▸ **Exercise goal**:
Return the lines below exactly, from the first line to the line that contains "Enough Girls For". Leave out pictures.

▸ **Stored data**:
◆ ◆ ◆ ◆ ◆ ◆ ◆

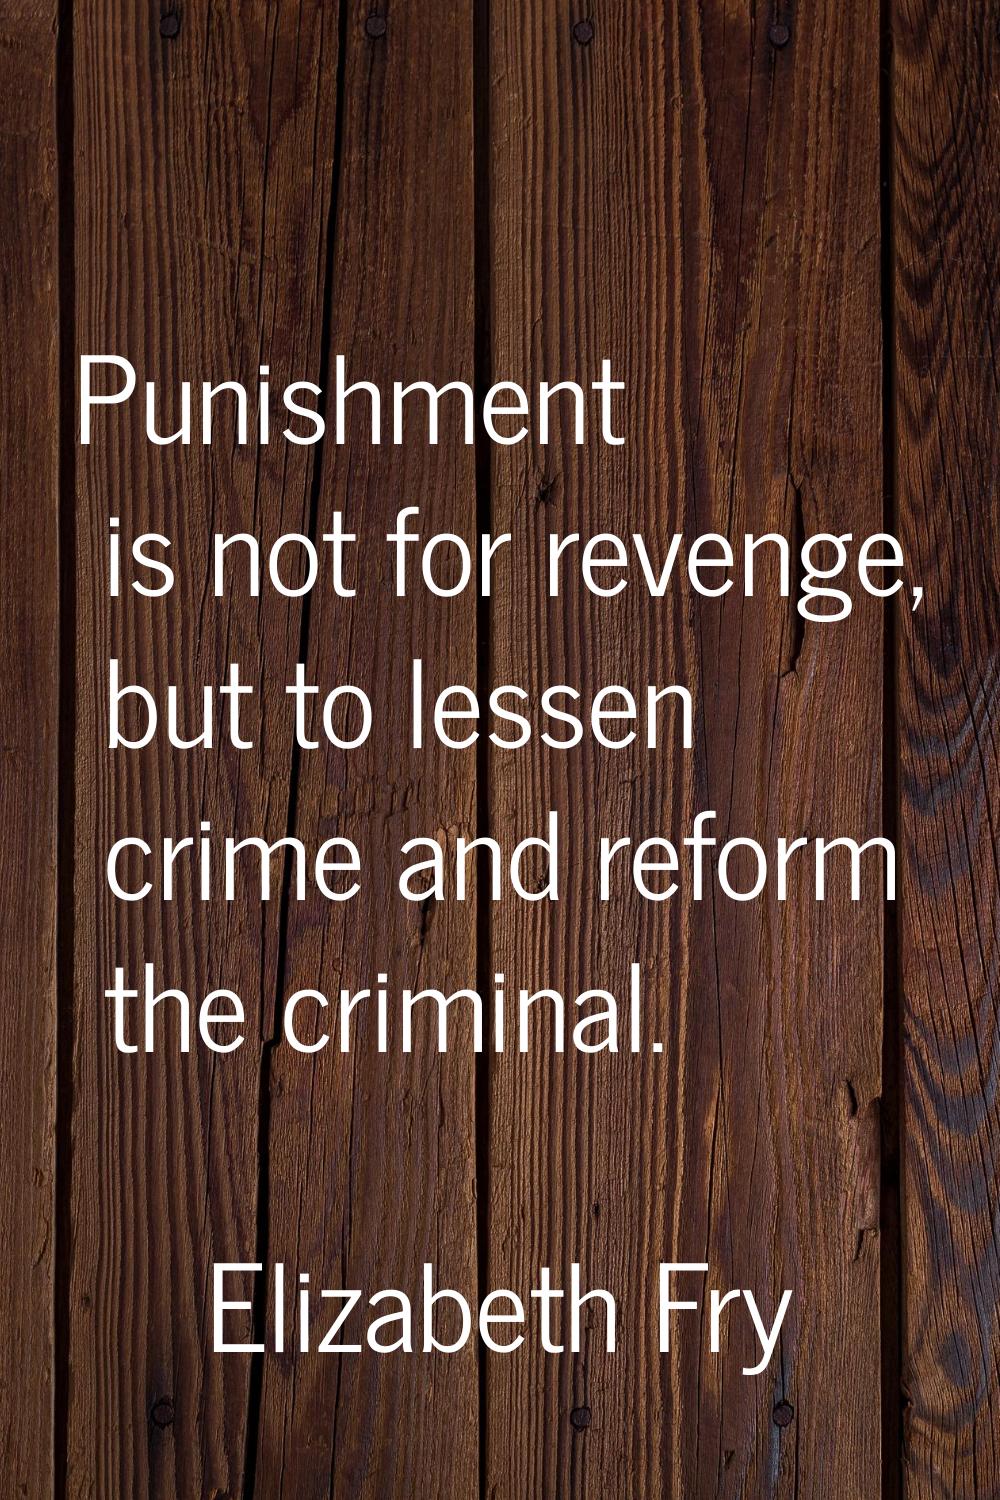 Punishment is not for revenge, but to lessen crime and reform the criminal.
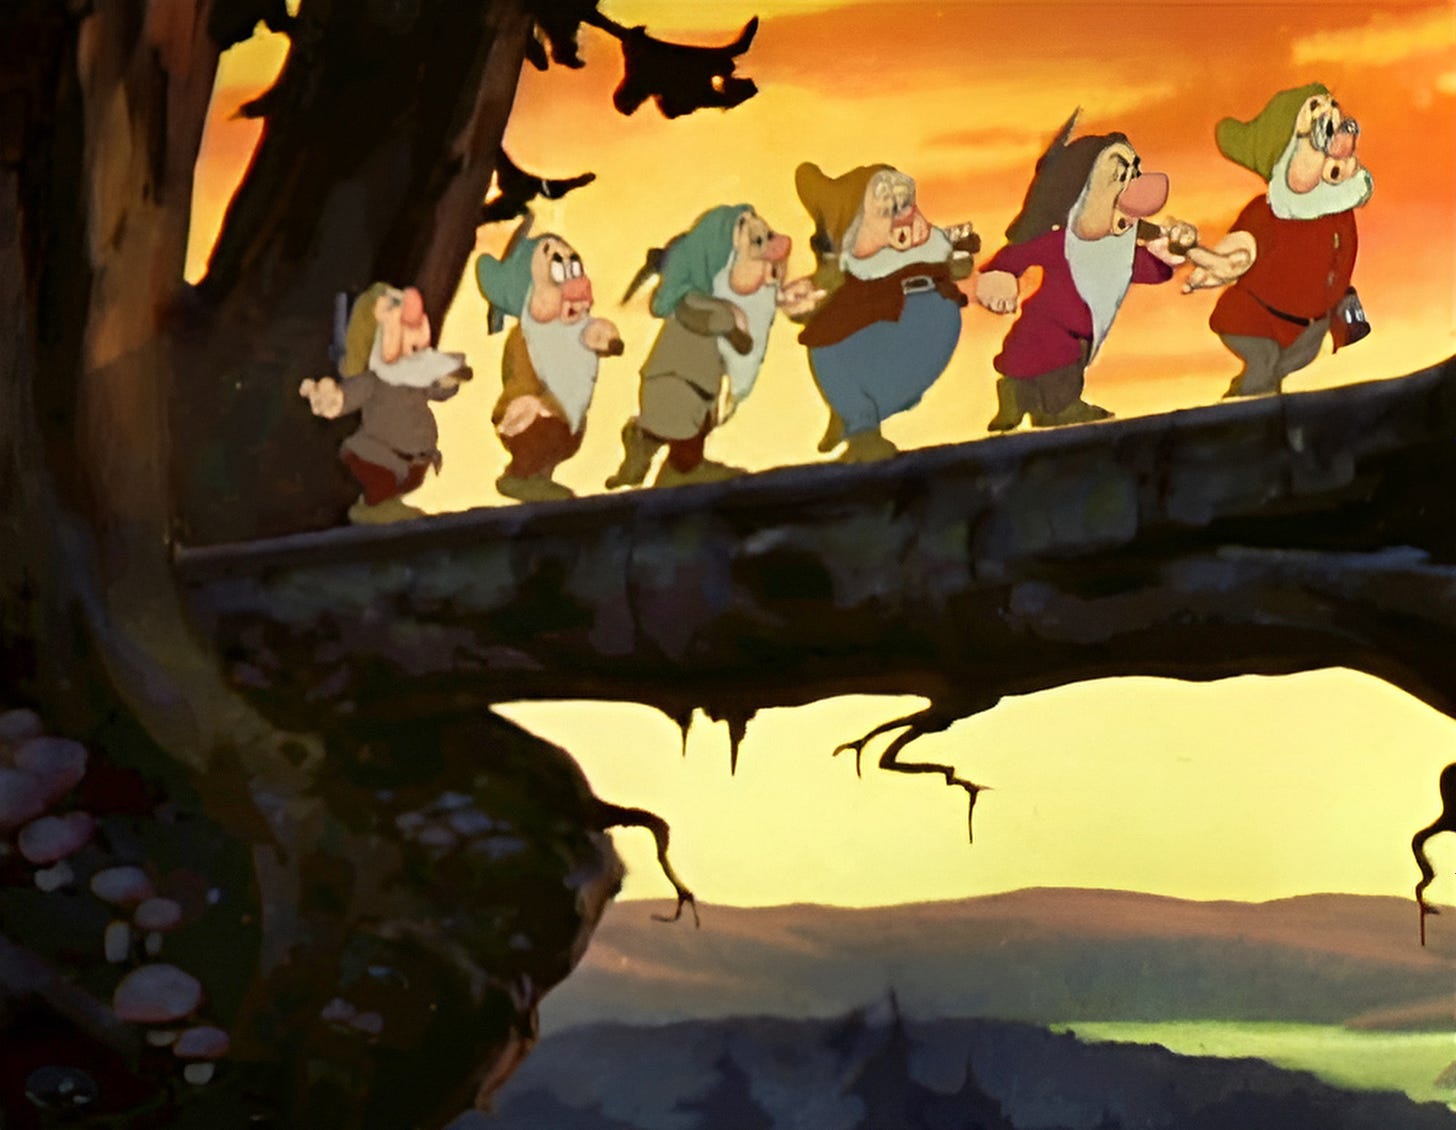 Snow White and the Seven Dwarfs is the first animated feature in the Disney animated features canon. It was produced by Walt Disney Productions, premiered on December 21, 1937, and was originally released to theatres by RKO Radio Pictures on February 8, 1938.
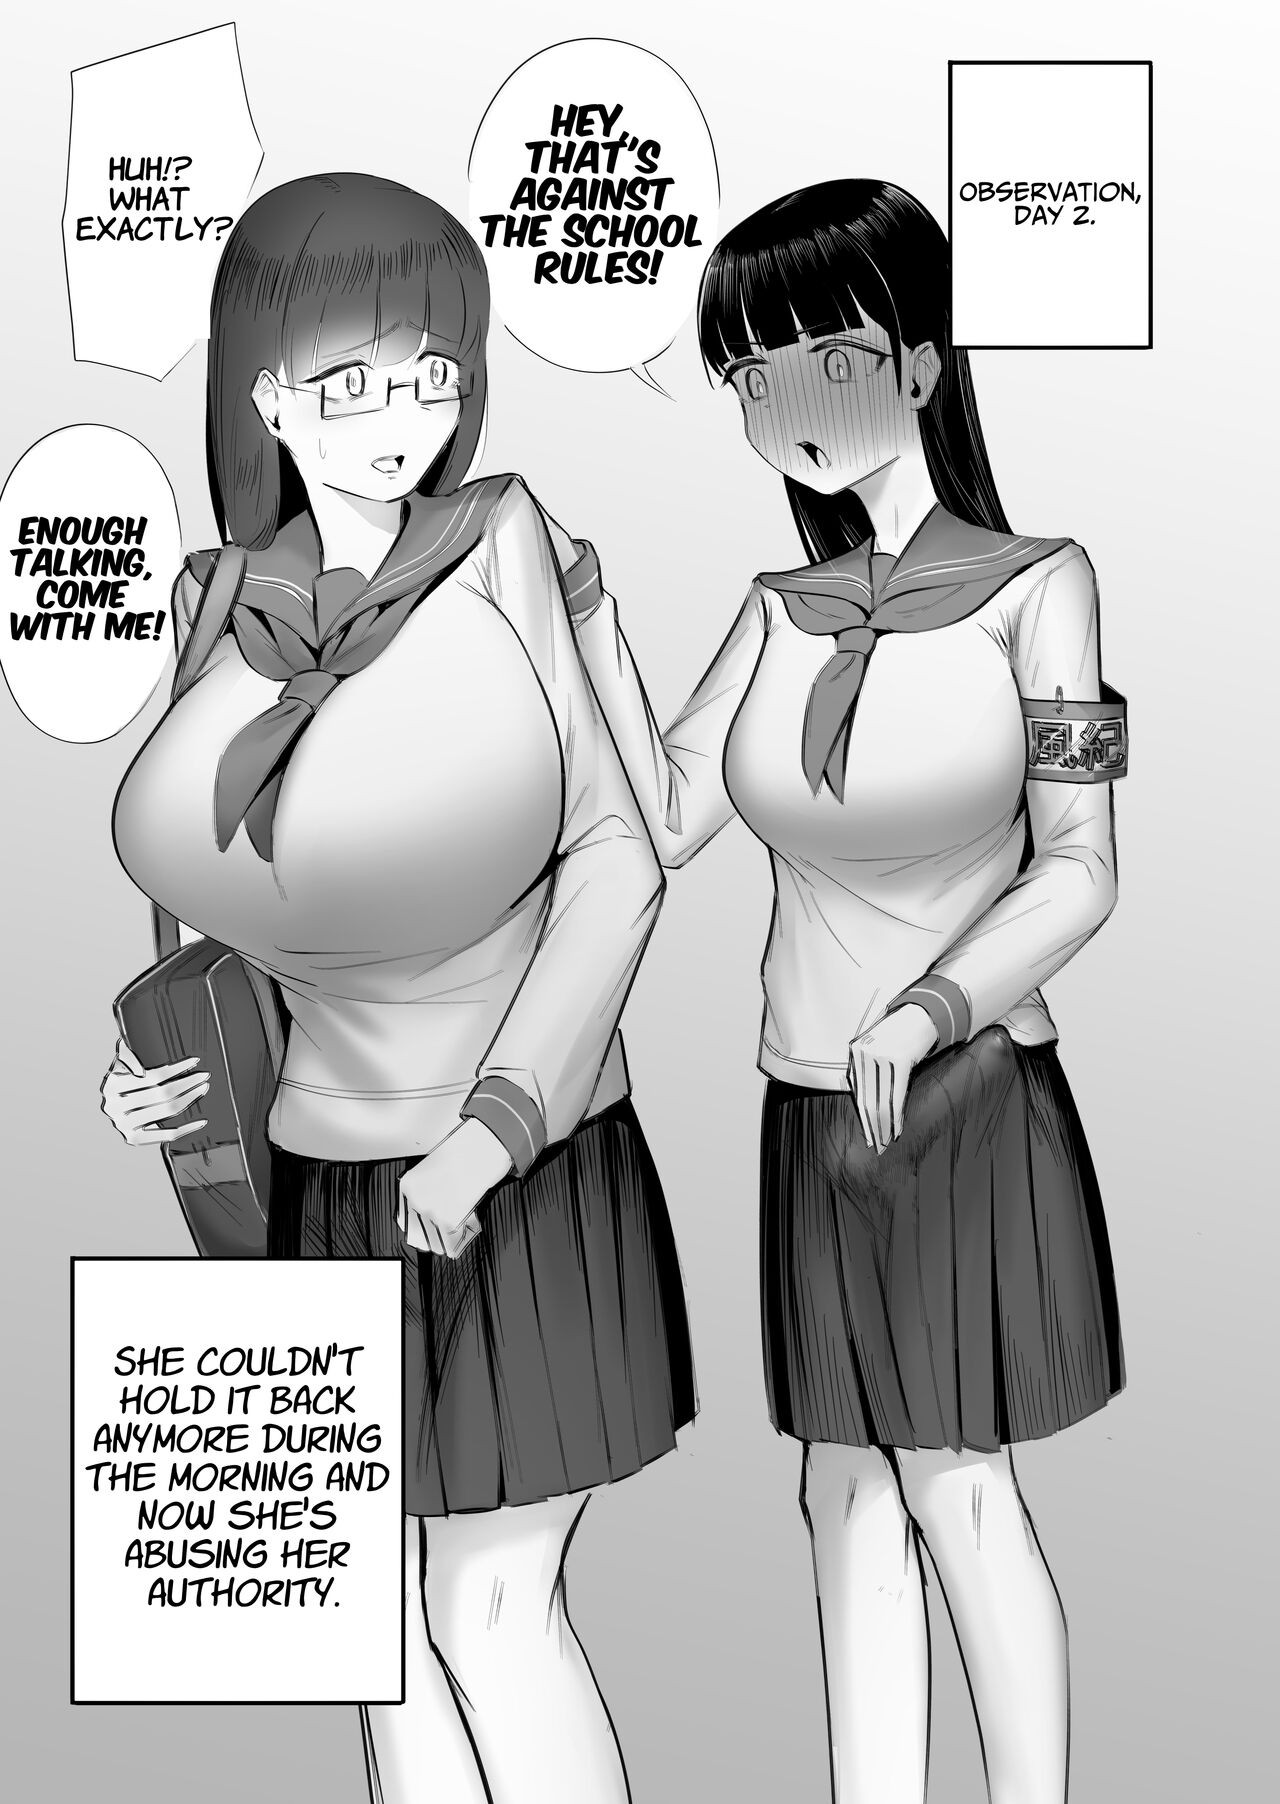 Enough Girls For Days - The Story Of How Everything Went To Hell After I Gave A Cock To A Nice And  Innocent Girl Porn Comic english 08 - Porn Comic
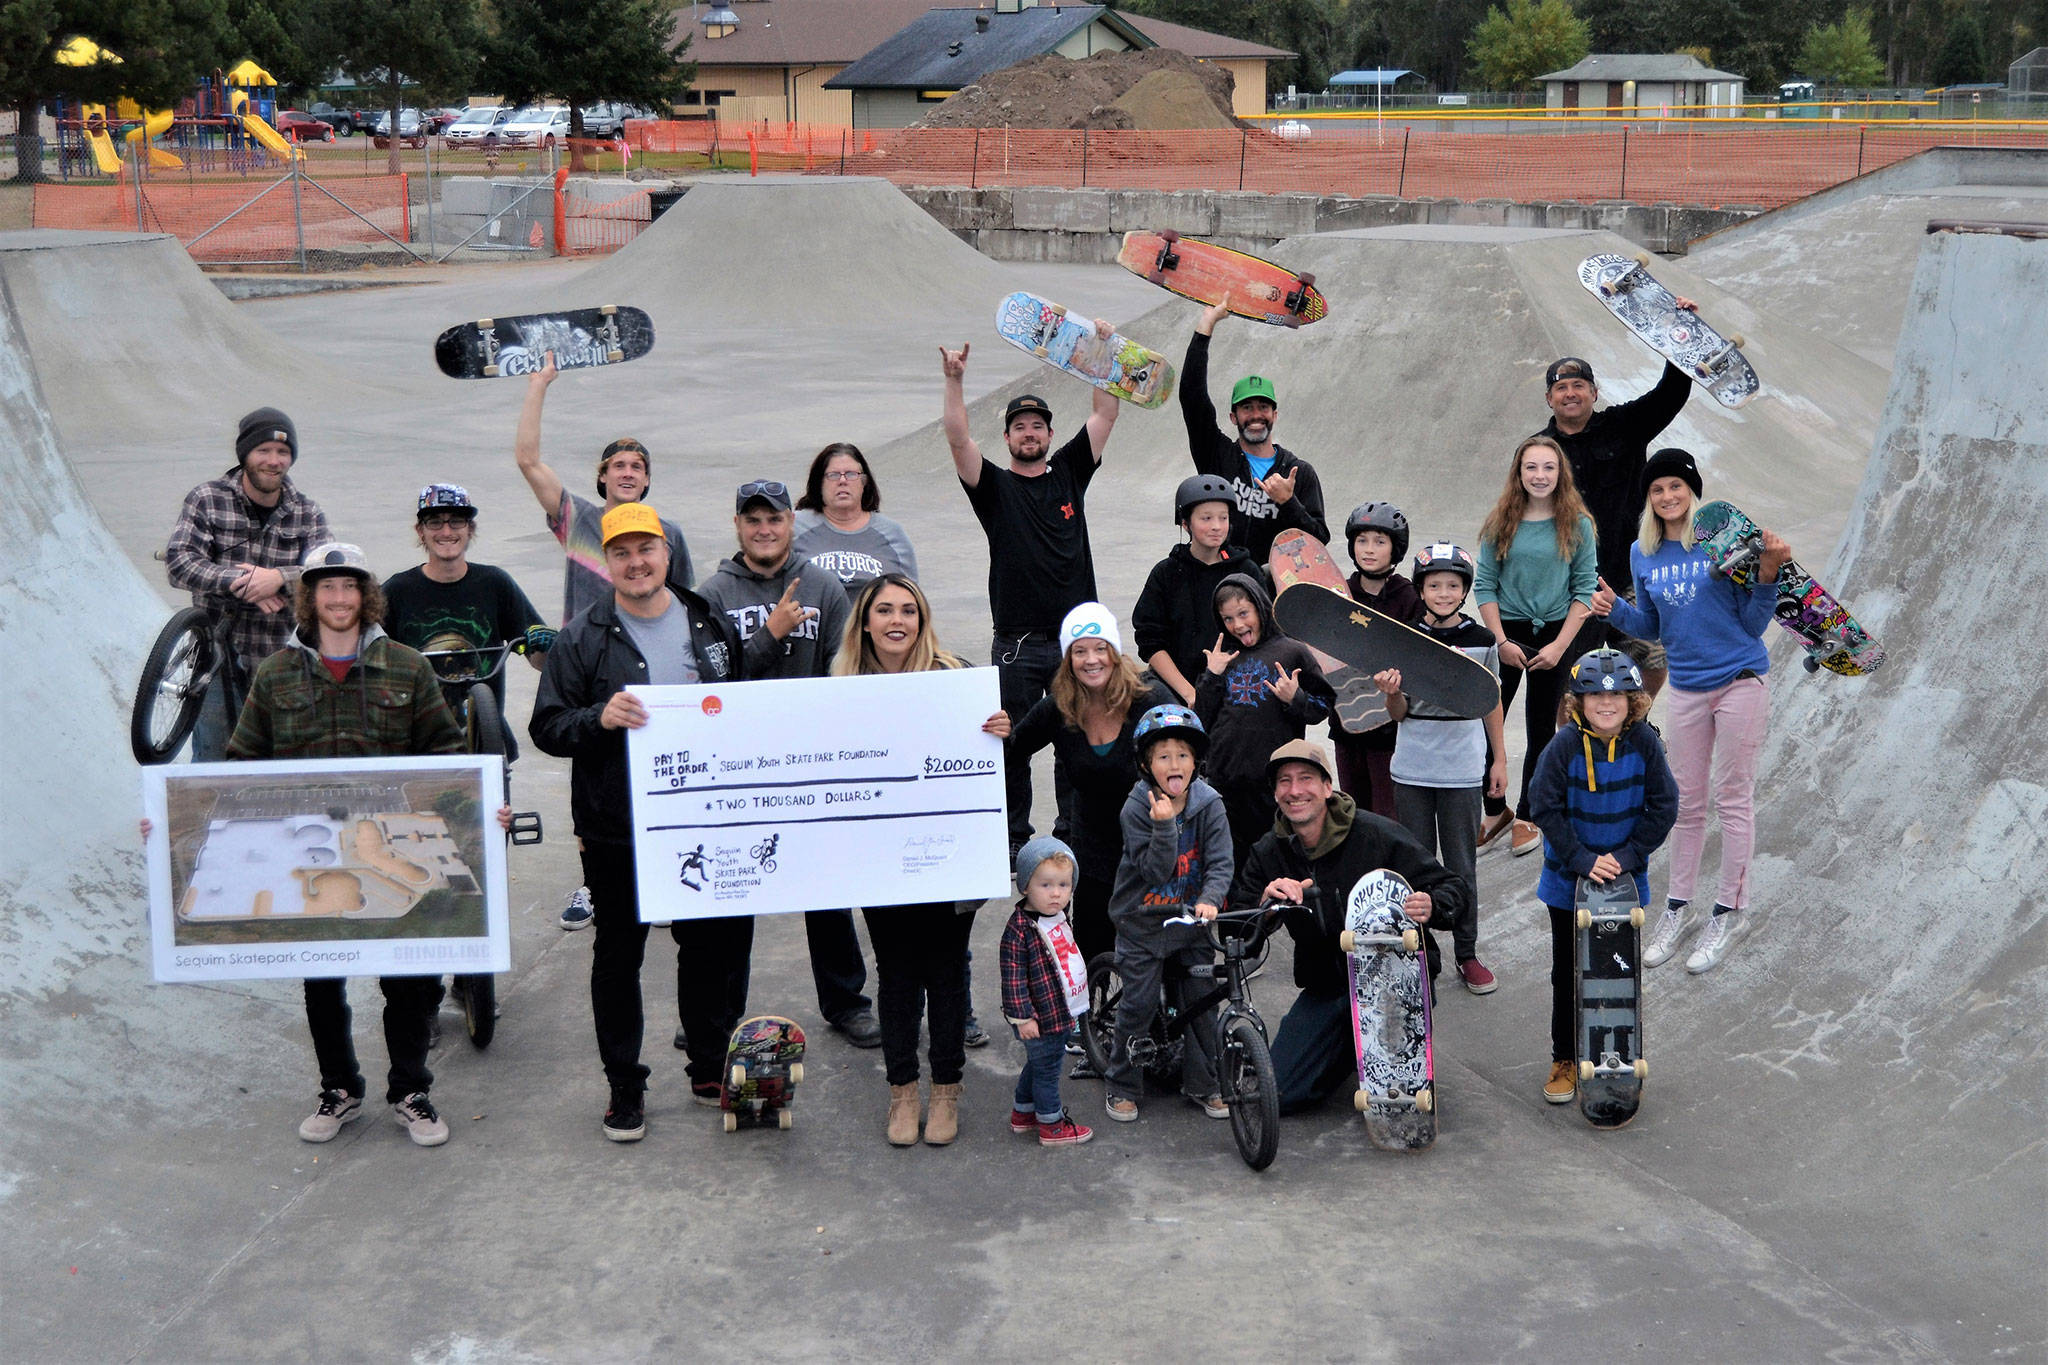 Local riders at Sequim Skate Park gather to accept a $2,000 check on Oct. 6 from the TeamInspire Project, founded by members of the band Emblem3. Funds will go towards a goal of expanding and fixing the exiting skate park. Sequim Gazette photo by Matthew Nash

◆ ◆ ◆ ◆ ◆ ◆ ◆

▸ **Output of the task**:
 Punishment is not for revenge, but to lessen crime and reform the criminal.
 Snow White and the Seven Dwarfs is the first animated feature in the Disney animated features canon. It was produced by Walt Disney Productions, premiered on December 21, 1937, and was originally released to theatres by RKO Radio Pictures on February 8, 1938.
 Enough Girls For Days - The Story Of How Everything Went To Hell After I Gave A Cock To A Nice And  Innocent Girl Porn Comic english 08 - Porn Comic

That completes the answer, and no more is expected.